Is it a bad thing? Well, indeed, a little stress is a very good thing. It's like the force applied to the violin strings. When you pull the bow across these strings that are taught and tight, then beautiful music comes forth. But of course, if the strings are loose, then there's just an awful sound. But if the string is too tight, the string will snap. And so we're talking about what happens to the music of marriage when the string snaps. You know, it's good to know when it's time to bring counsel into the home, right? Every family has problems.
I know mine does. But it is crucial to attack those problems, Byron, and not each other. And I think that's what we learned through not only this sermon, but also this series.
Well, Kerry, yes, you're right. When husbands and wives play the parts that God has designed and really equipped each of us to do in our marriage, there's not just a mere melody, but it's a wonderful harmony. Dr. Rogers said that joy, true joy, is that constant presence of God no matter what happens.

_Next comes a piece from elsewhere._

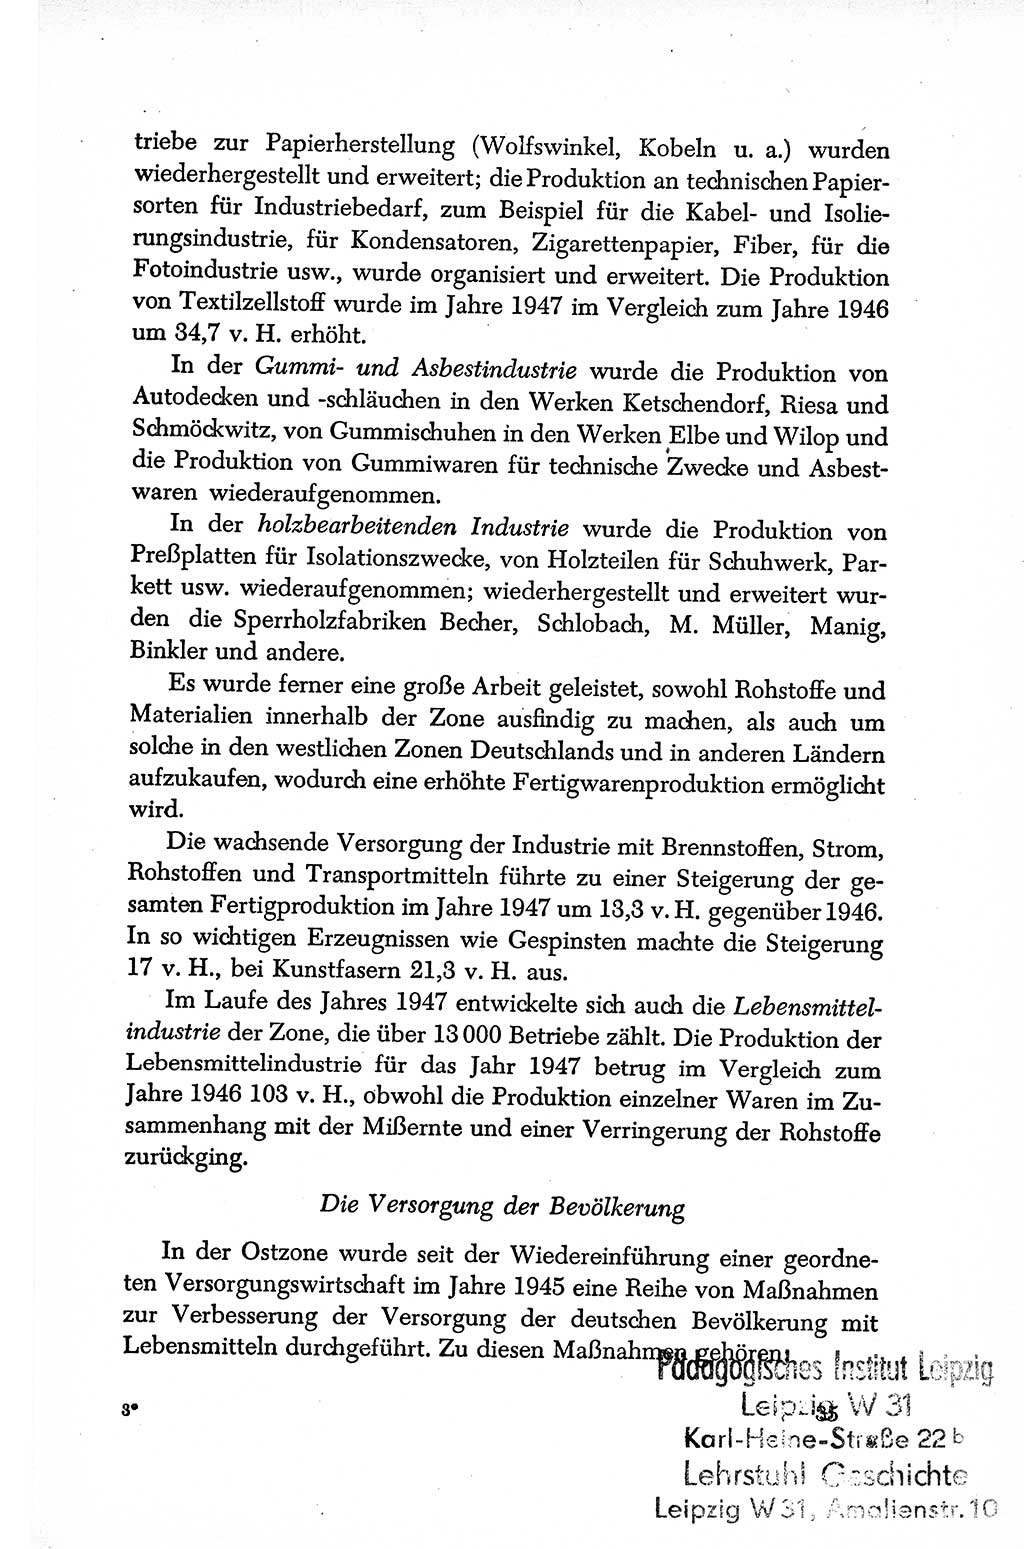 Dokumente der Sozialistischen Einheitspartei Deutschlands (SED) [Sowjetische Besatzungszone (SBZ) Deutschlands/Deutsche Demokratische Republik (DDR)] 1948-1950, Seite 35 (Dok. SED SBZ Dtl. DDR 1948-1950, S. 35)

But a merry heart is the ability to capture and enjoy those wonderful times of life, then let it turn to laughter. You know, that's beautiful, right? If you really have the joy of the Lord in your heart, it's going to show in your face. And God is not the author of confusion.
We know that. And God is the only one that can give true wisdom. Well, before that string snaps, we need to learn to laugh, cultivate contentment, alleviate anger, and walk in wisdom.
Amen, brother. And that's what we want our listeners to walk away with as nuggets to apply to their lives. Well, to help you along this theme of marriage and family, the entire series, as I mentioned, is in this book, The Music of Marriage. It's a great resource available here at Love We're Finding. It's a wonderful resource, and it's for any couple in any stage of life, right? If they're newly married, if they're in the middle of life, or if they're trying to finish well. One chapter in the book is called Tuning Up Tired Marriages. Boy, I like that, because we all need a tune-up, and we all need a shot in the arm.
We all need to have a refresher. And that's exactly what this book is, and it will help couples find or get back to the loving song that they were meant to play in their marriage. Well, friend, for a gift of any amount, you can get a copy of this resource, The Music of Marriage, and you can call 1-877-LOVEGOD or LWF.org. Again, Carrie, we're always excited to hear from our Love We're Finding friends to know how the ministry is impacting their walk with Christ, and we've got a wonderful response now. Dr. Adrian Rogers' lessons bless me every weekday morning. I listen on radio, and I love his messages. They teach, they edify, and they instruct me in ways I just cannot explain. God is blessing me through His work. Thanks for all you do. You know, again, the fruit and the results of a God-blessed ministry called Love We're Finding, and that's what we desire to hear, and we see God working in the lives of people.
And so we love your prayer support, we love your financial support, and we just want to say thank you and God bless you. Well, Carrie, with today's message, When the String Snaps, Part 1, here's Adrian Rogers. Husbands and wives are to sing the same song, but they sing different parts. That's what makes it harmonious. Not mere melody, but wonderful harmony when we play the part that God has equipped us to play. And so, husbands and wives are singing the same song, different parts.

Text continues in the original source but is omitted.